EXERCISE DETAILS:
Starting at the line containing "Bröd, javisst - Olsson, Tony" and ending at the line containing "Fast Informatics", print every line of the material below exactly, both ends included, and stop there.

[EXERCISE DATA — start]

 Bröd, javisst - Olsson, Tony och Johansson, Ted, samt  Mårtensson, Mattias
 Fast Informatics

[EXERCISE DATA — finish]
[EXERCISE DATA — start]

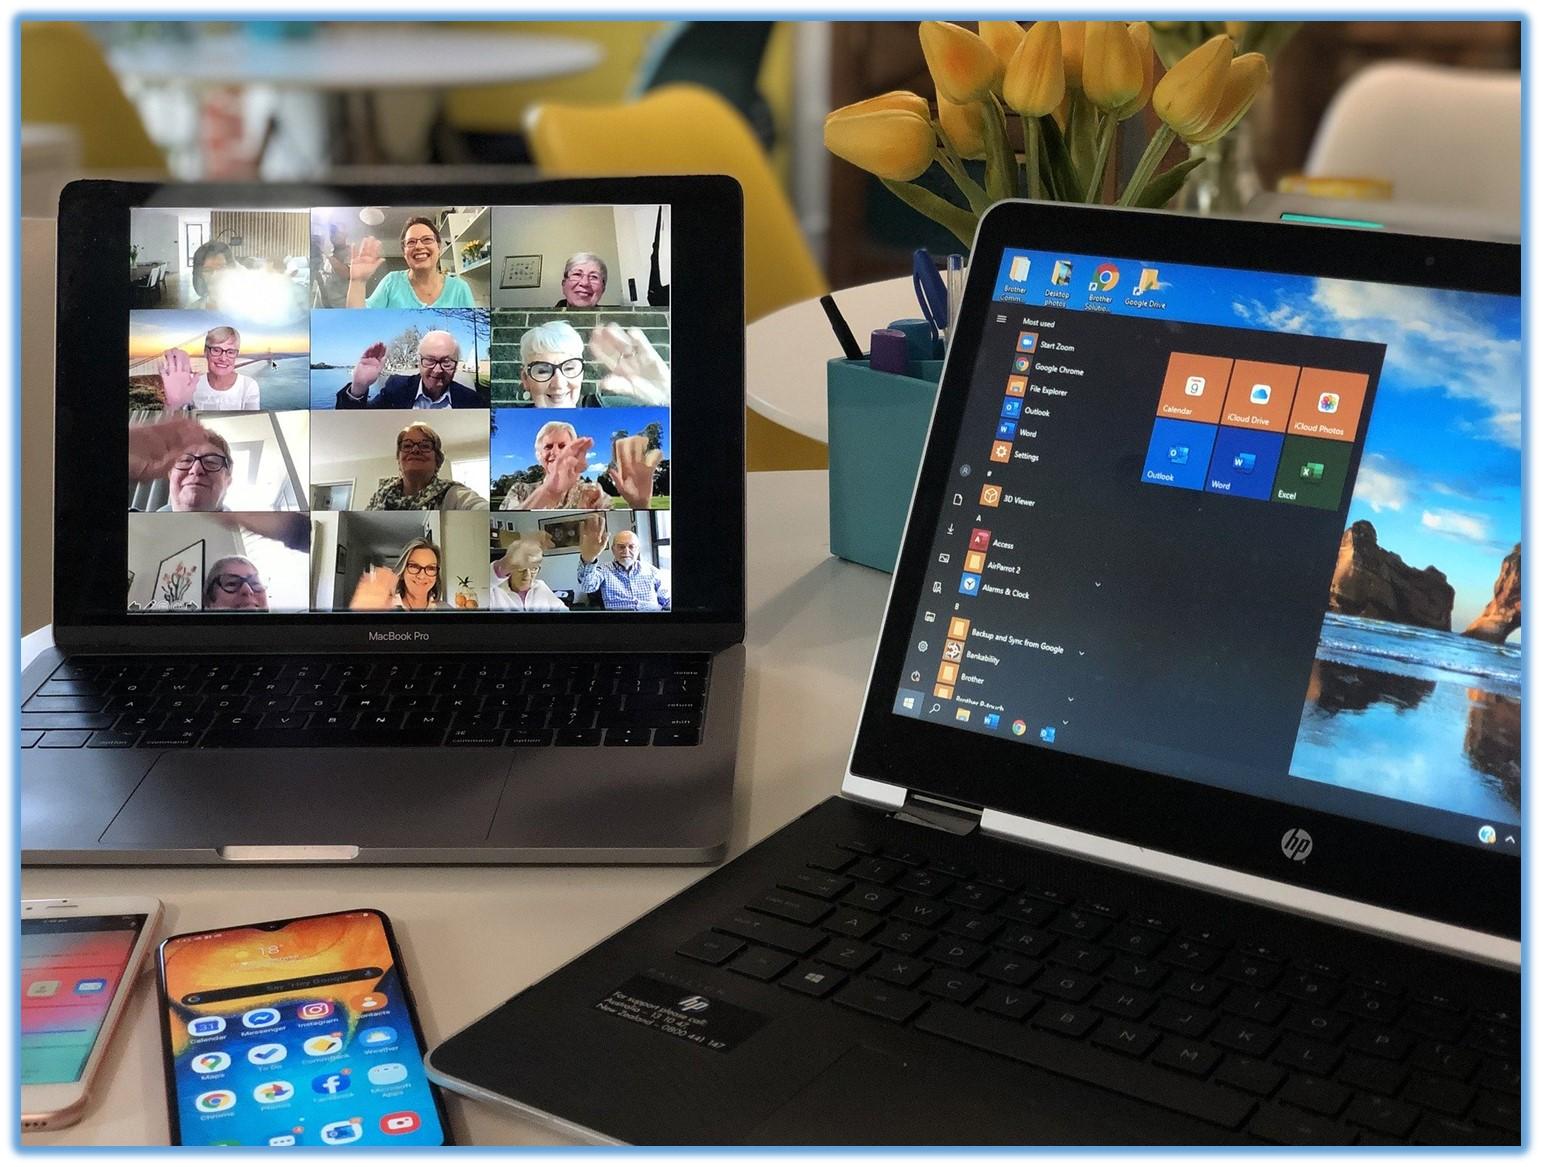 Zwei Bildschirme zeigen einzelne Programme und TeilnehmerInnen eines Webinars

[EXERCISE DATA — finish]
[EXERCISE DATA — start]

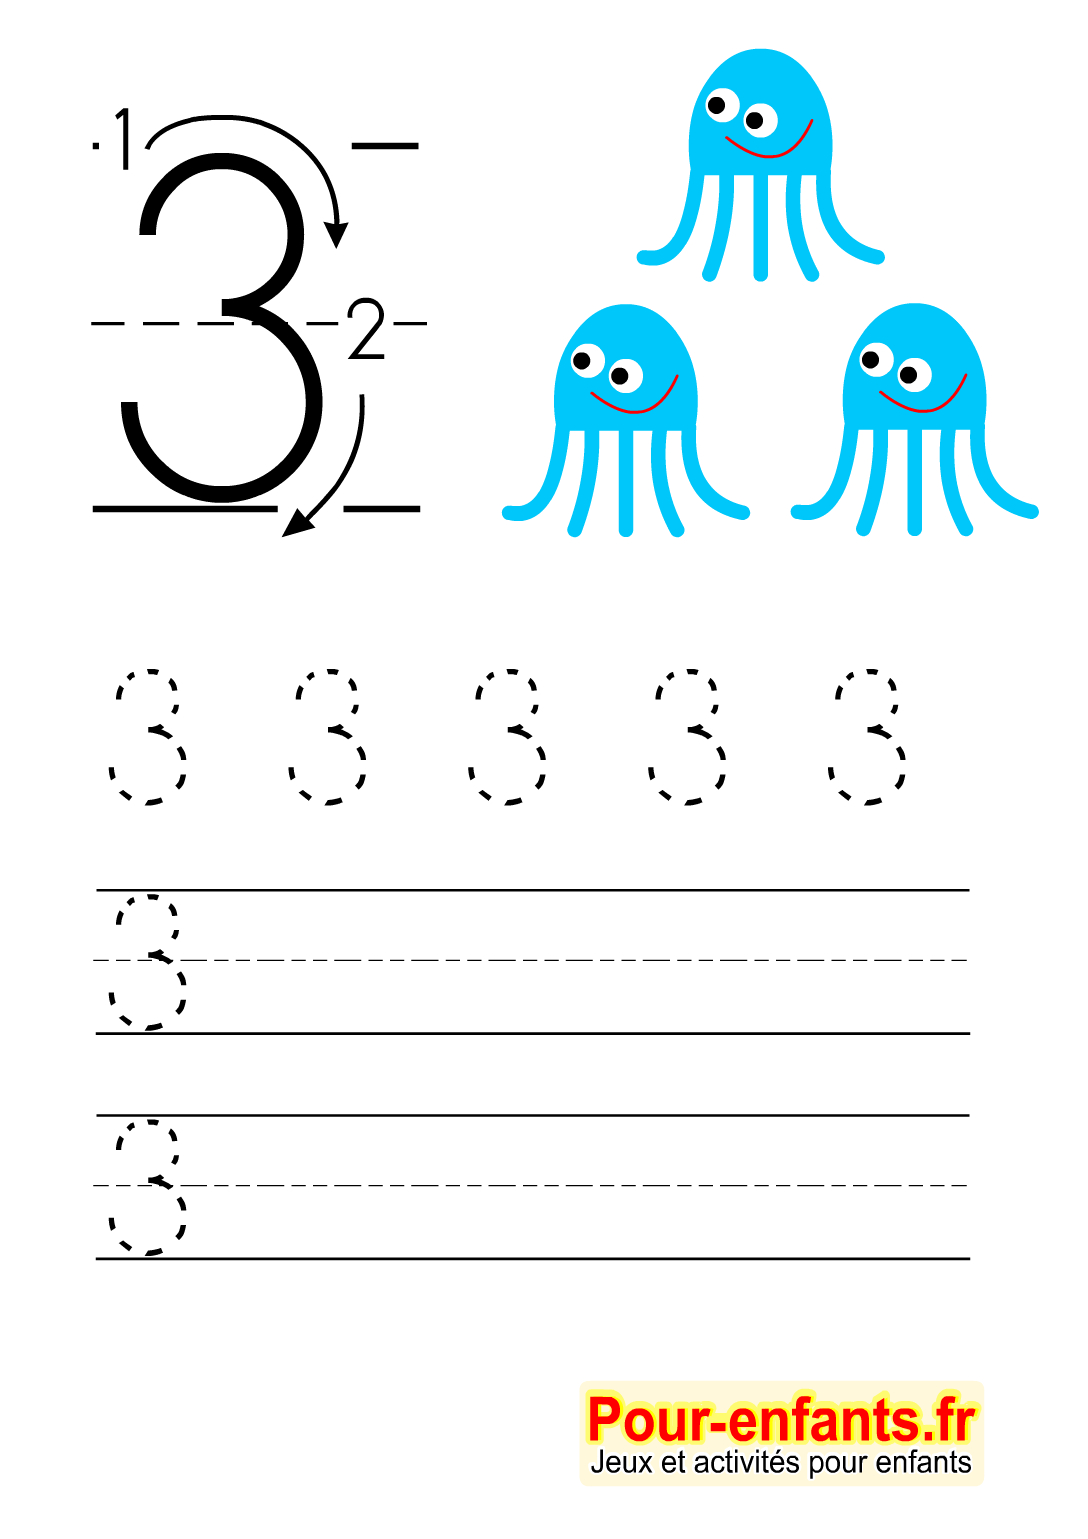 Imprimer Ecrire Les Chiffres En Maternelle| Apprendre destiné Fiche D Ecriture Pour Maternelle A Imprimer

[EXERCISE DATA — finish]

EXERCISE RESPONSE:
 Bröd, javisst - Olsson, Tony och Johansson, Ted, samt  Mårtensson, Mattias
 Fast Informatics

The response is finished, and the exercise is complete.